WHAT YOU HAVE TO DO: All lines from the one containing "An exposition of" to the end of the listing below should be output exactly; omit the pictures.

RECORDED DATA:
»»

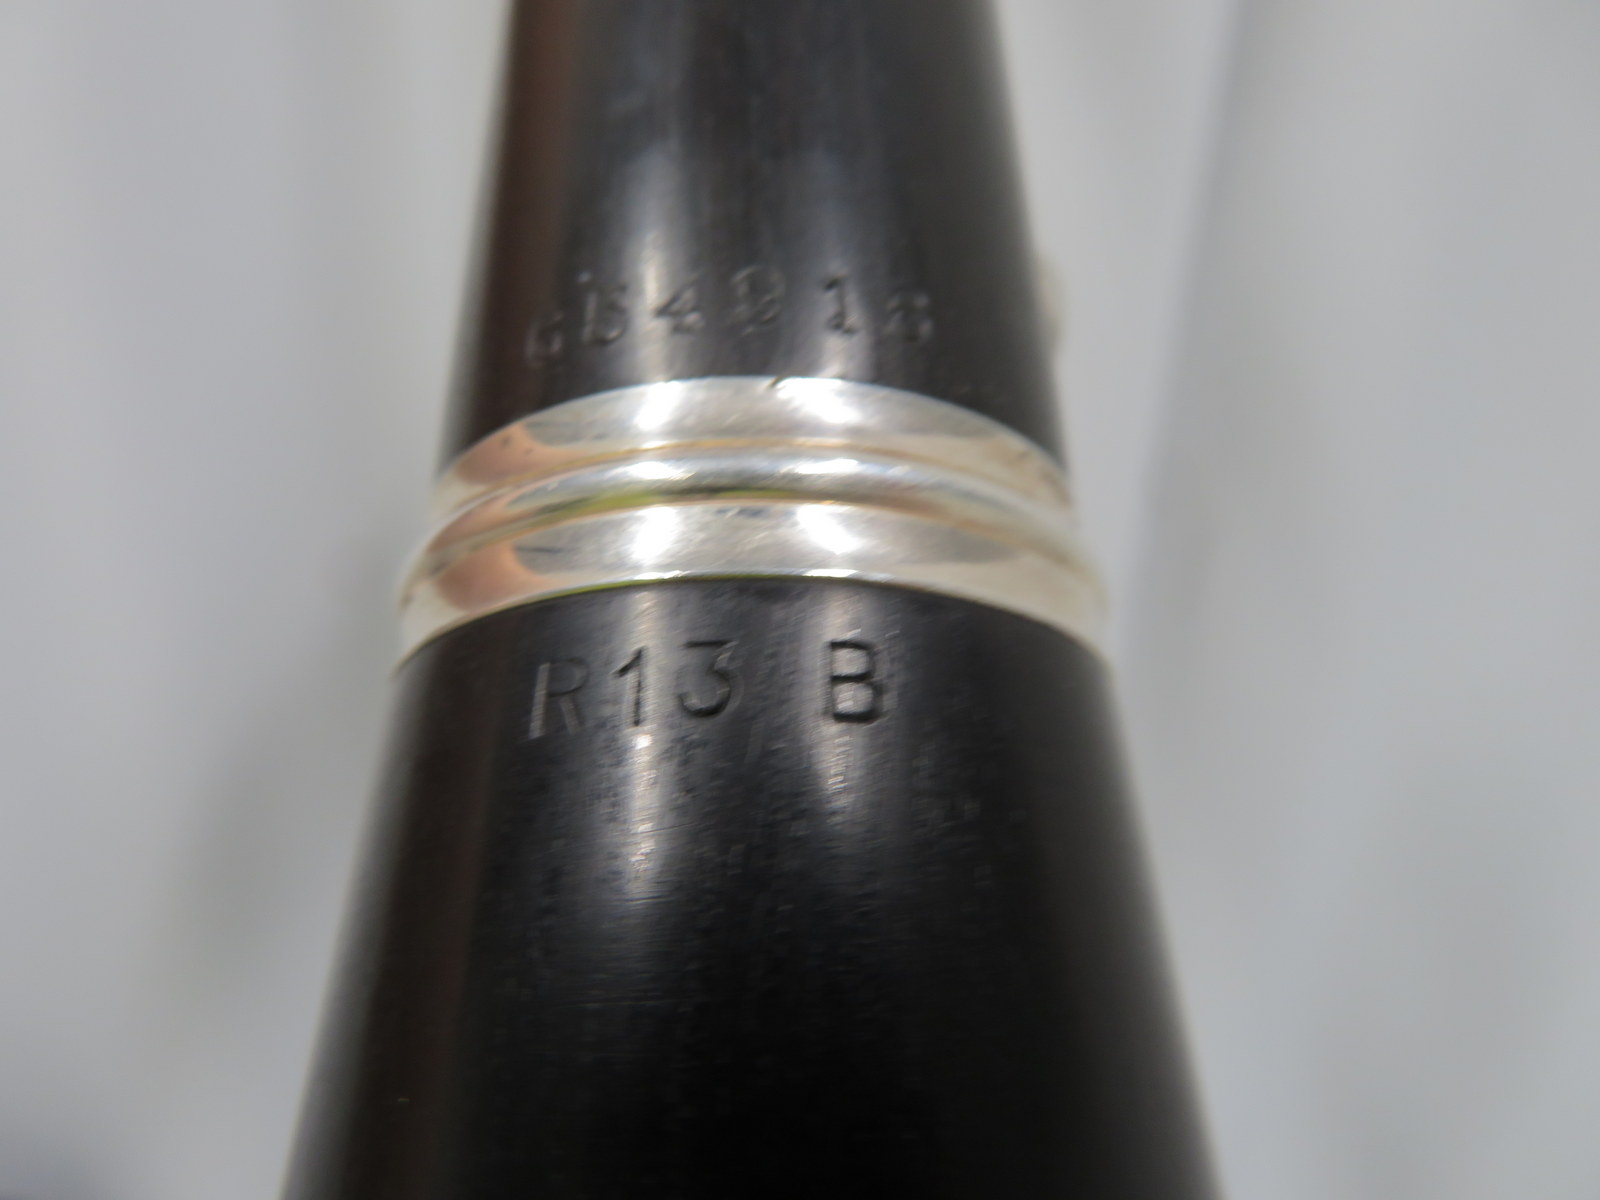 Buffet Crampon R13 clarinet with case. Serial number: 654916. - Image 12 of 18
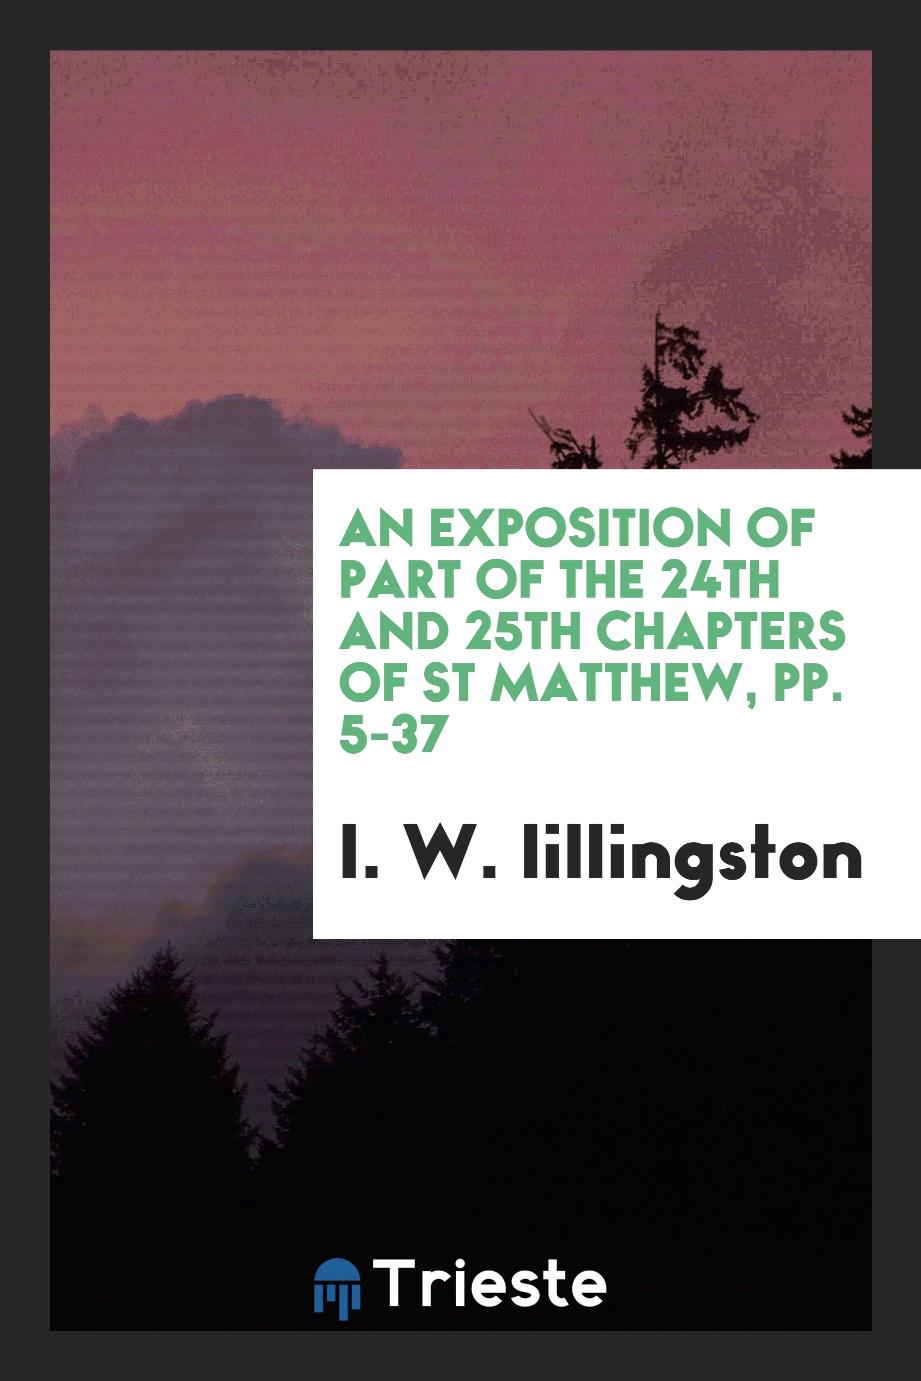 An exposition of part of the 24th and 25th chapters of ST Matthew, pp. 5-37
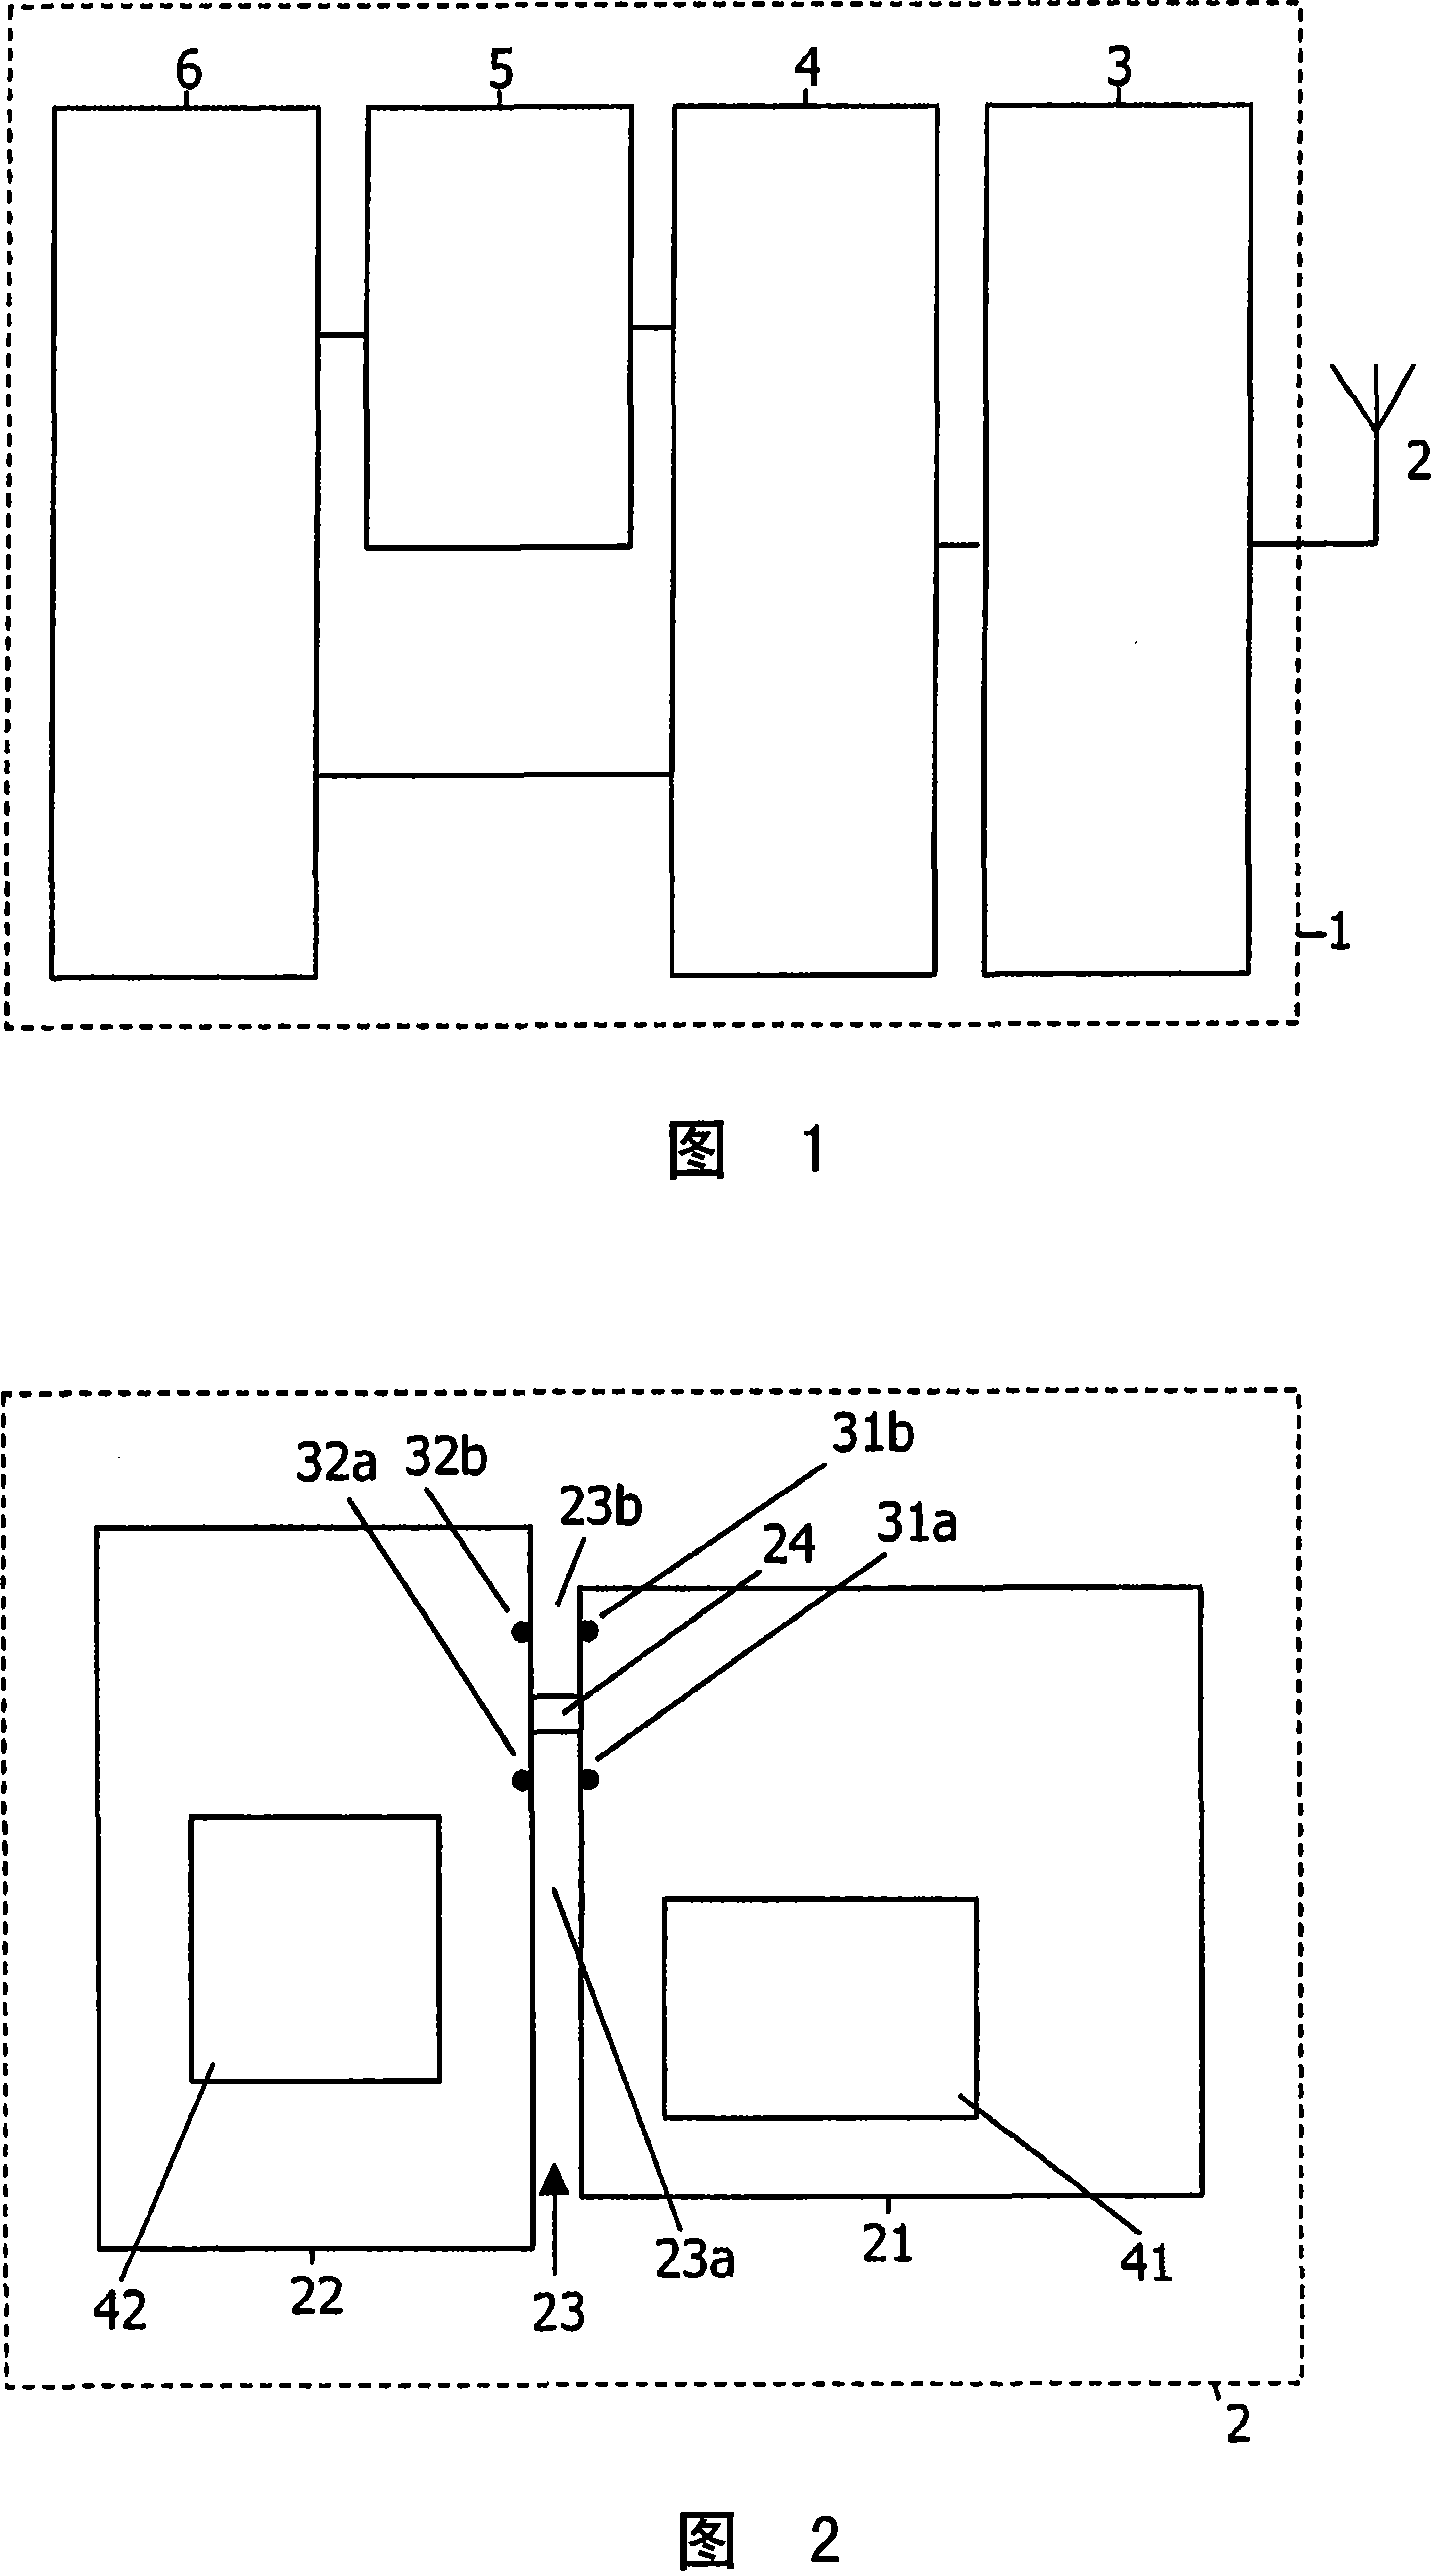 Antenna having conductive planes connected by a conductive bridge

««

ANSWER TO THE EXERCISE:
 An exposition of part of the 24th and 25th chapters of ST Matthew, pp. 5-37
 Antenna having conductive planes connected by a conductive bridge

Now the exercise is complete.